Author: Scott Galloway


NYU Stern professor Scott Galloway provides a compelling and thought-provoking analysis of the four tech giants, Amazon, Apple, Facebook and Google.  He gets your attention with sharp observations that go something like this. We used to look up to the heavens and ask God for wisdom. Now we look down to our phones and ask Google for the answer. The style is very engaging and makes for a great read.

His personal story of trying to get NY Times to restrict Google’s access to its content resonates with my beliefs. It’s too bad for NYTimes and the world, that he was not successful in that quest.

With Facebook he didn’t have much new information to share.
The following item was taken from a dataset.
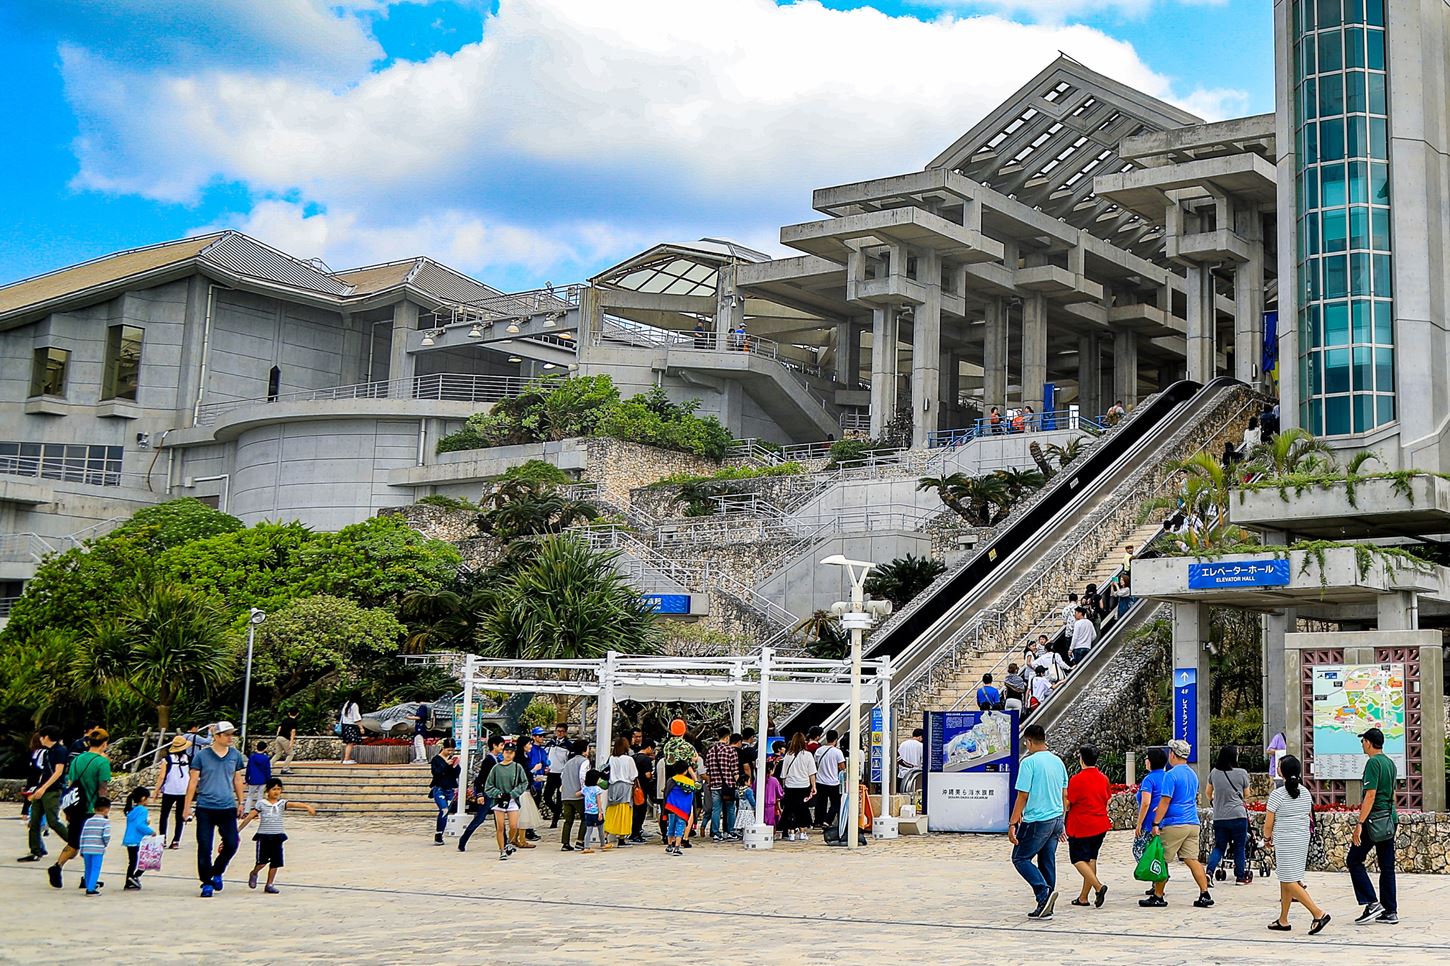 Sightseeing scenery that simply shows the weather and clothes in Okinawa in January2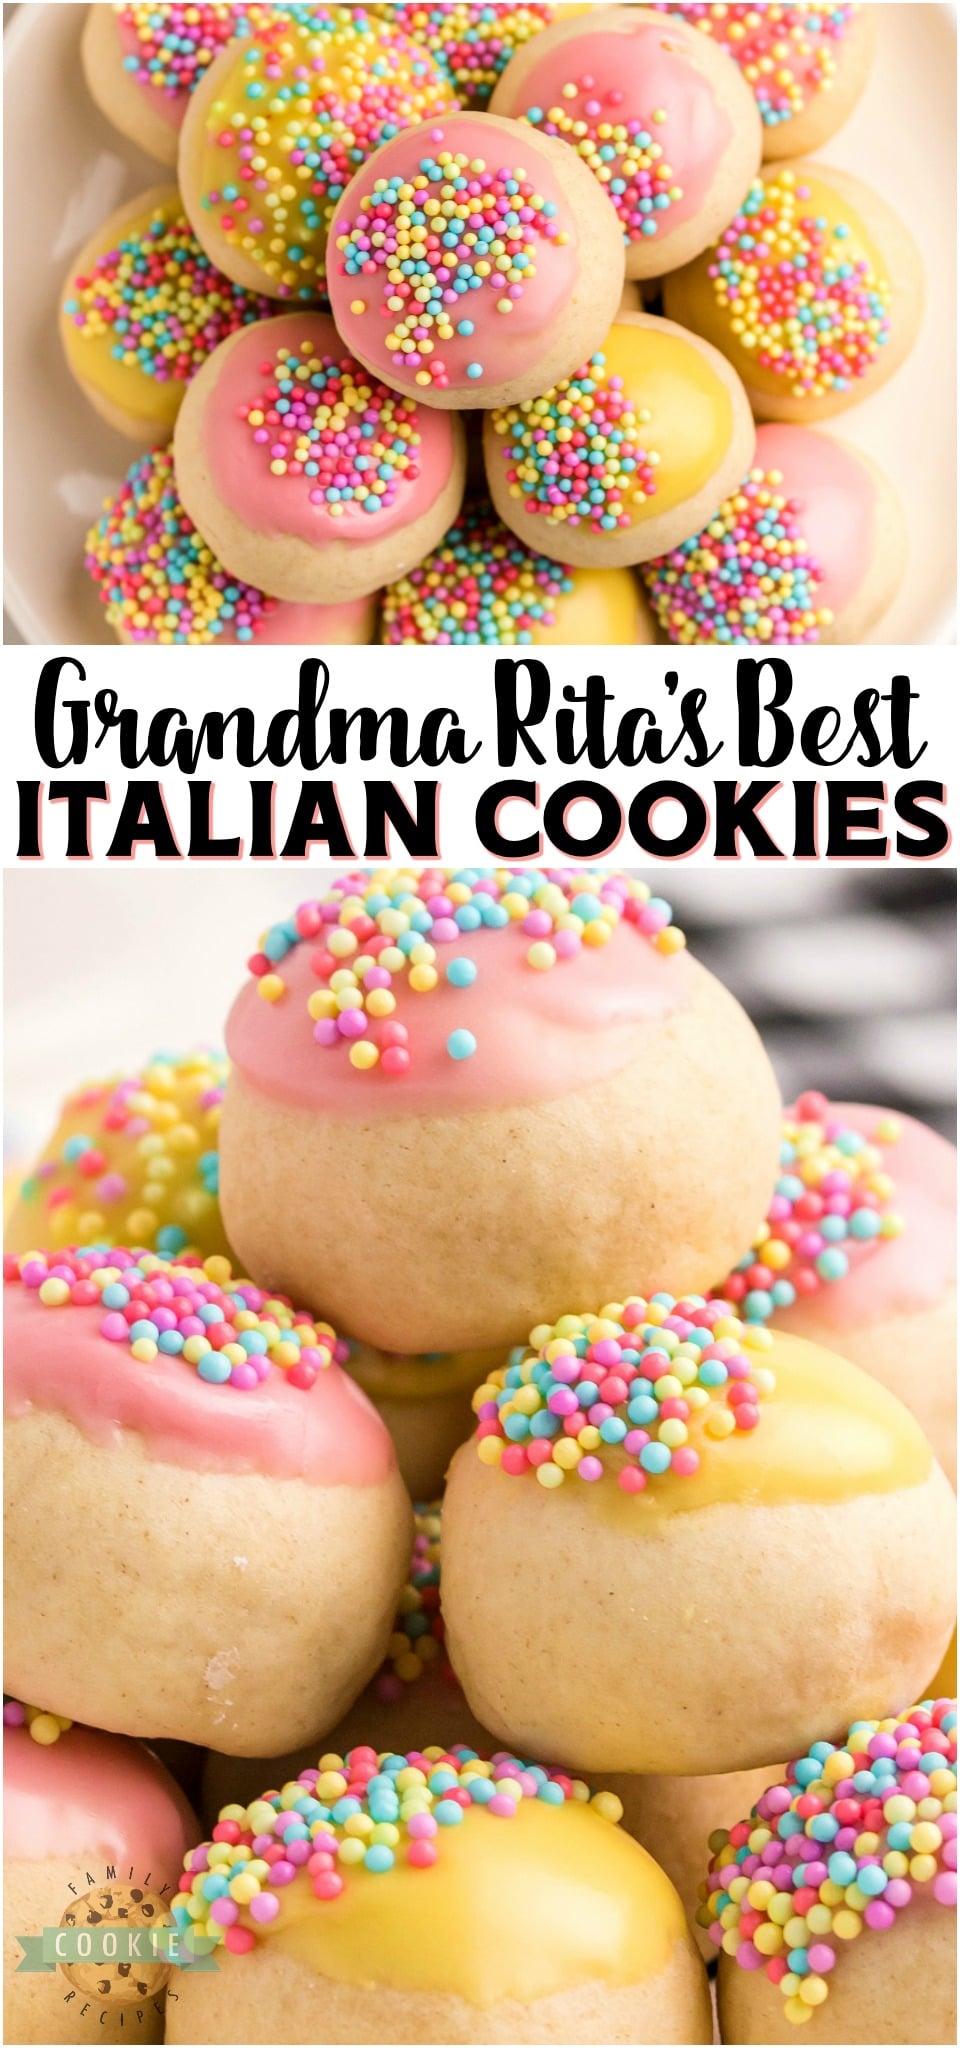 Lovely Italian Cookie recipe I got from my Grandmother! Tender dough rolled into balls, baked & topped with a sweet glaze and colorful sprinkles perfect for any occasion!

It is very clear to all of the world that Facebook, in its heydey, knew too much about all of us. The following had been written by Yuval Noah Harare several years ago, “With knowledge of 150 likes, their [Facebook’s] model could predict someone’s personality better than their spouse. With 300, it understood you better than yourself”. 

Overall, this book is entertaining and it will get you to think hard about the The Four and what their dominance bodes for the future.

Sunday, October 4, 2020

Americana: A 400-Year History of American Capitalism

Author: Bhu Srinivasan


You are probably wondering, what more is there to write about American History? Anything and everything about US History is probably written, narrated and made into a movie by now. Children learn about this in school and maybe that is one reason why this is really a poor choice of topic to write a book on. I, however, didn't go to high school in the United States, and found the premise of the book interesting. It narrated American History from a purely economic and capitalistic point of view. 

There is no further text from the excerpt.